Keywords

104.1 Introduction

With the development of human society, the network has been integrated into all aspects of people’s lives. Along with the convenience, network also brings many security problems, the global Internet attack happens frequently, and makes a highly severe impact on the global network. At the same time, in our county a variety of network security incidents have become inevitable, such as network economic crimes, large-scale network attacks, network stolen and so on. All these have became a constraint to our economic development, especially became the key factors that threaten social stability and national security. So that how to evaluate the situation of network security comprehensively and objectively has became a challenging issue. In this paper we use Network Security Index System (NSIS) to solve this problem perfectly. NSIS choose the objective and subjective attributions to quantify and compute network security situation, and it is designed to assist managers to discover the main elements that influence network security. So the managers can focus on the primary to defense the attack and protect the network.

NSIS is implemented in our system named YHSAS, this system is to analyze and predict the larger-scale network security situation. In this system, sensors like IDS, firewall, et al. are distributed deployed to detect and monitor the abnormal events in the network, all the threaten events generated by these sensors are send to server to be analyzed. Base on these information NSIS is used to evaluate the network situation in our system.

The rest of this paper is organized as follows. In Sect. 104.2, related theories of network security index system are explained. Section 104.3 explains the design of this system. Section 104.4 presents an experimental evaluation. Finally, the conclusion is given in sect. 104.5.

104.2 Related Works

Tim Bass (2000) proposes a distributed intrusion detection system using multi-sensor data to assess computer network security through data fusion and data mining methods.

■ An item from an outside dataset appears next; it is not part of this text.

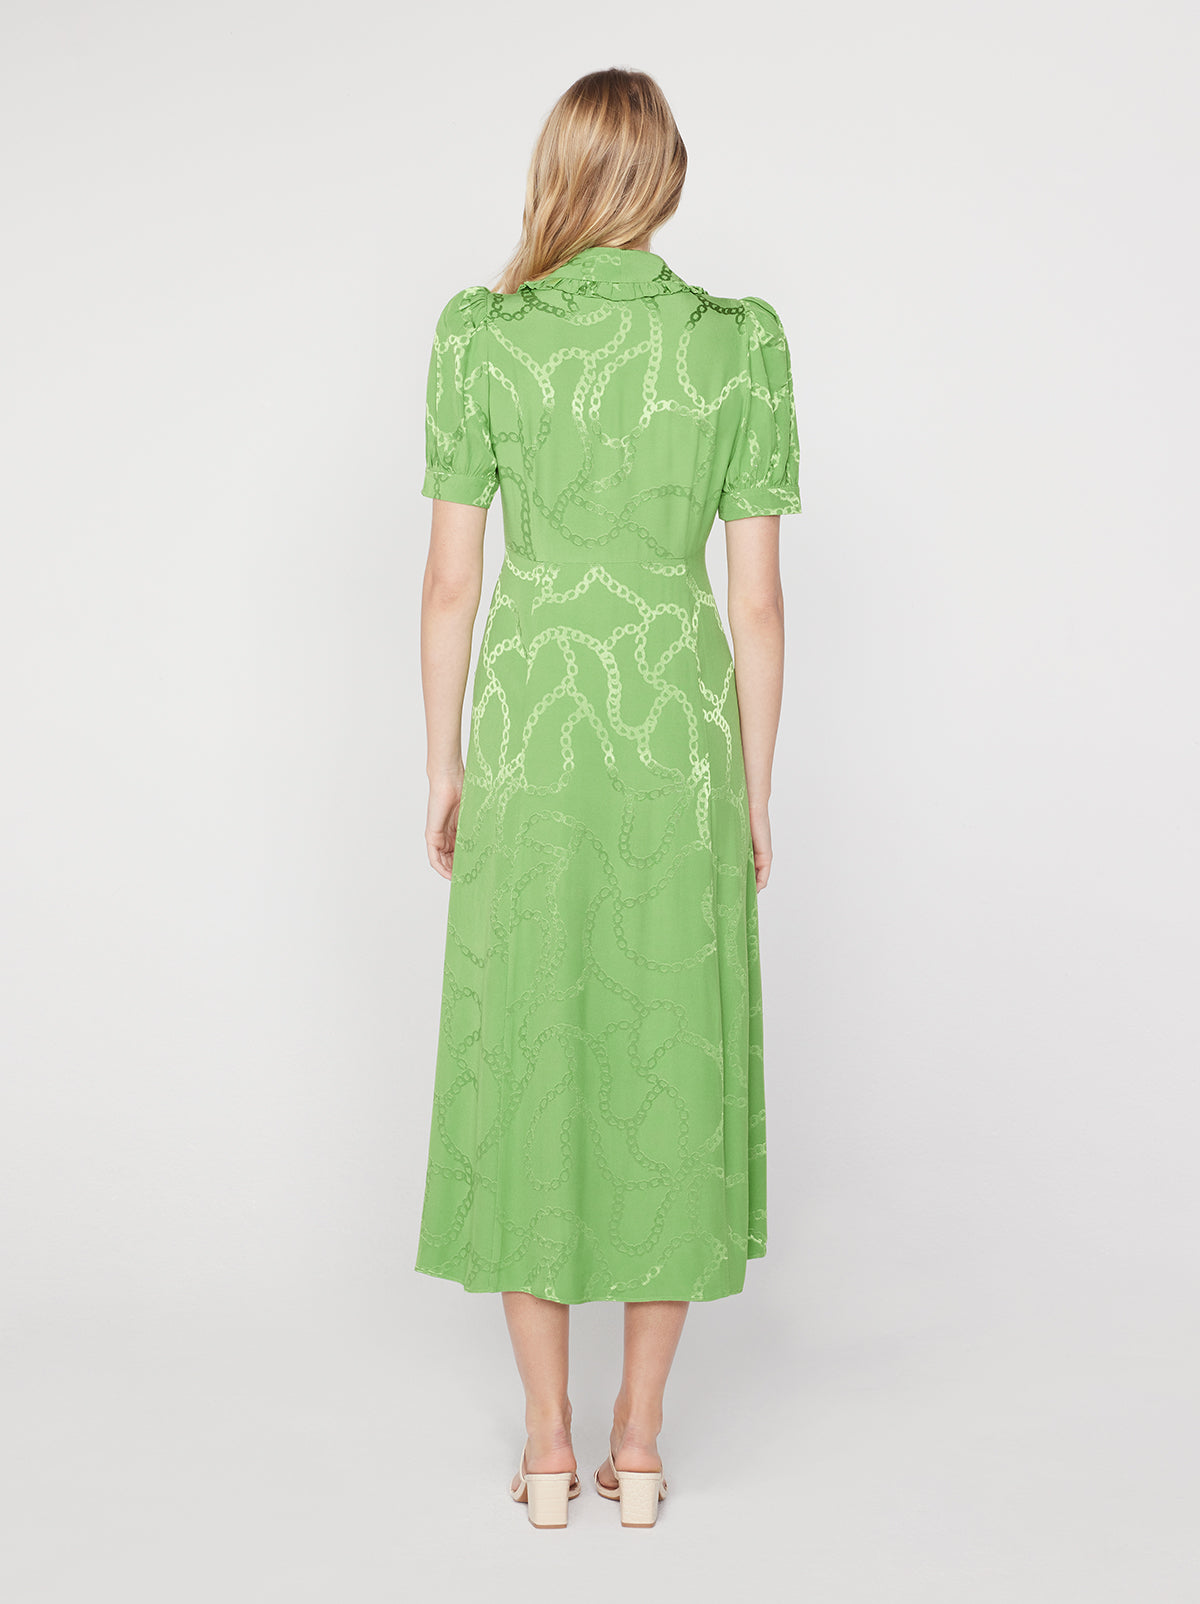 Bethany Green Chain Jacquard Tea Dress By KITRI Studio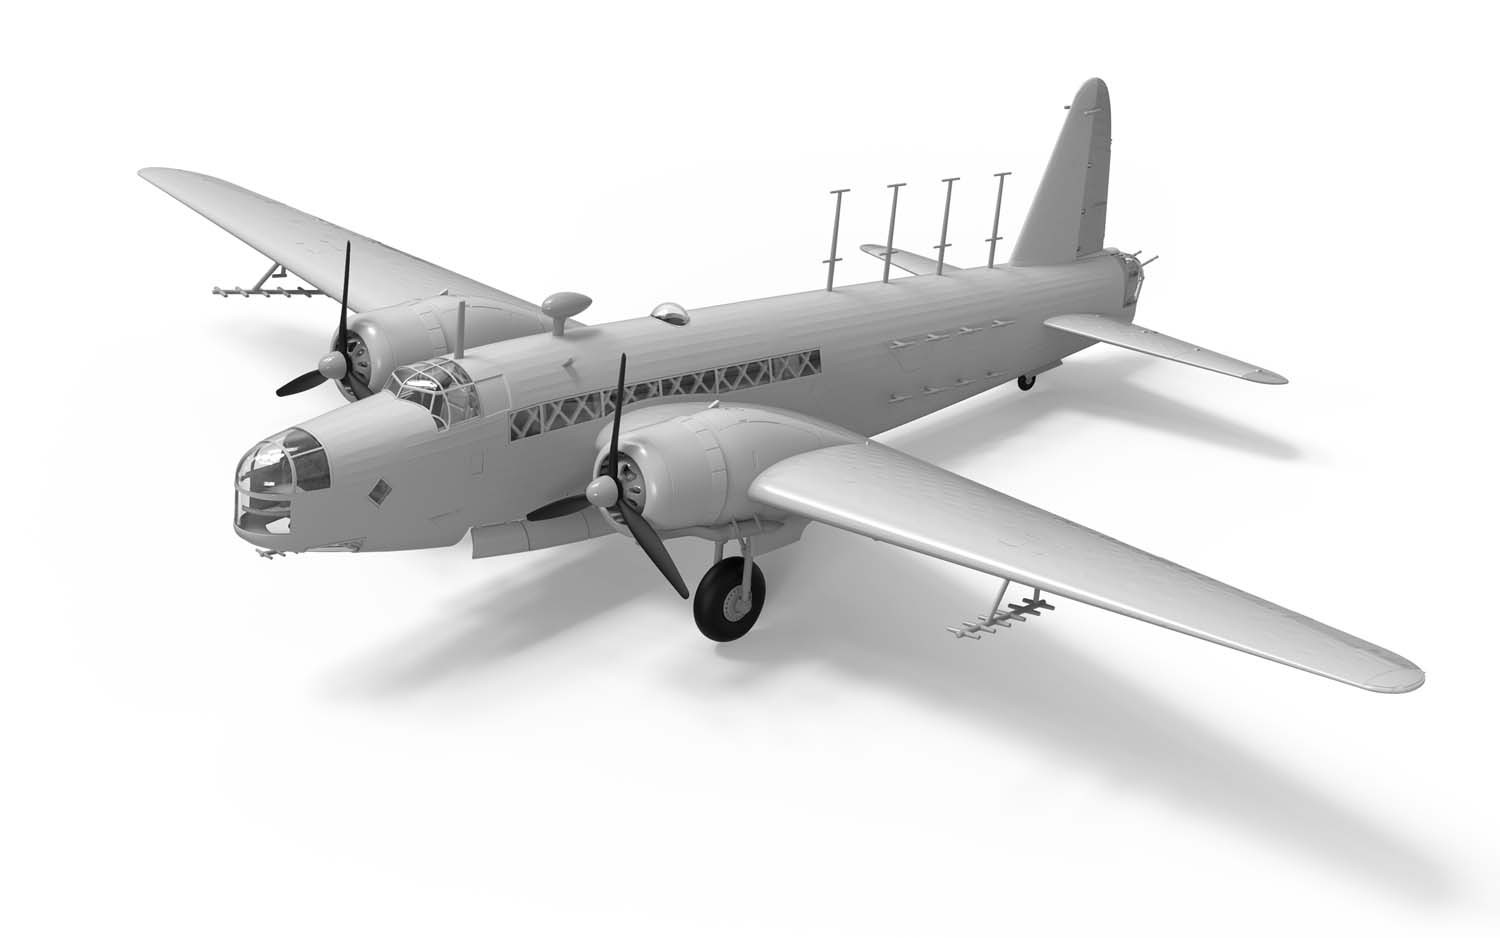 Airfix A08020 VICKERS WELLINGTON GR Mk.VIII

Meanwhile, Han et al. (2004) use qualitative analysis methods to assess network vulnerability. Kamara et al. (2003) propose Internet firewall vulnerability assessment, Hariri et al. (2003) propose a large-scale network attack assessment using quantitative analysis, The OCTAVE (Alberts et al. 2003) and ISO 13335 (2001) standards combined qualitative and quantitative methods to evaluate network security.

Shi and Zhuang (2007) propose a model of network security risk assessment system both with quantitative evaluation theory, and risk is defined as the product of asset, threat and vulnerability. Chen Xiuzhen et al. (2004) develop a quantitative hierarchical threat evaluation model to evaluate security threat status of a computer network system, the computational method in this model is based on the structure of the network and it focus on the threat situation. The threat indexes of services, hosts and local networks are calculated by weighting the importance of services and hosts. Yong and Yifeng (2009) proposes a network security situational awareness model based on log audit and performance correlation algorithm. The value of network security situation is computed using service information.

The existing researches on evaluate network security situation are mainly focus on a single security attribute such as threat, vulnerability and so on, lack of the evaluation on integrated network security situation. This paper prose a novel approach that use NSIS to evaluate the network security situation objectively and comprehensively.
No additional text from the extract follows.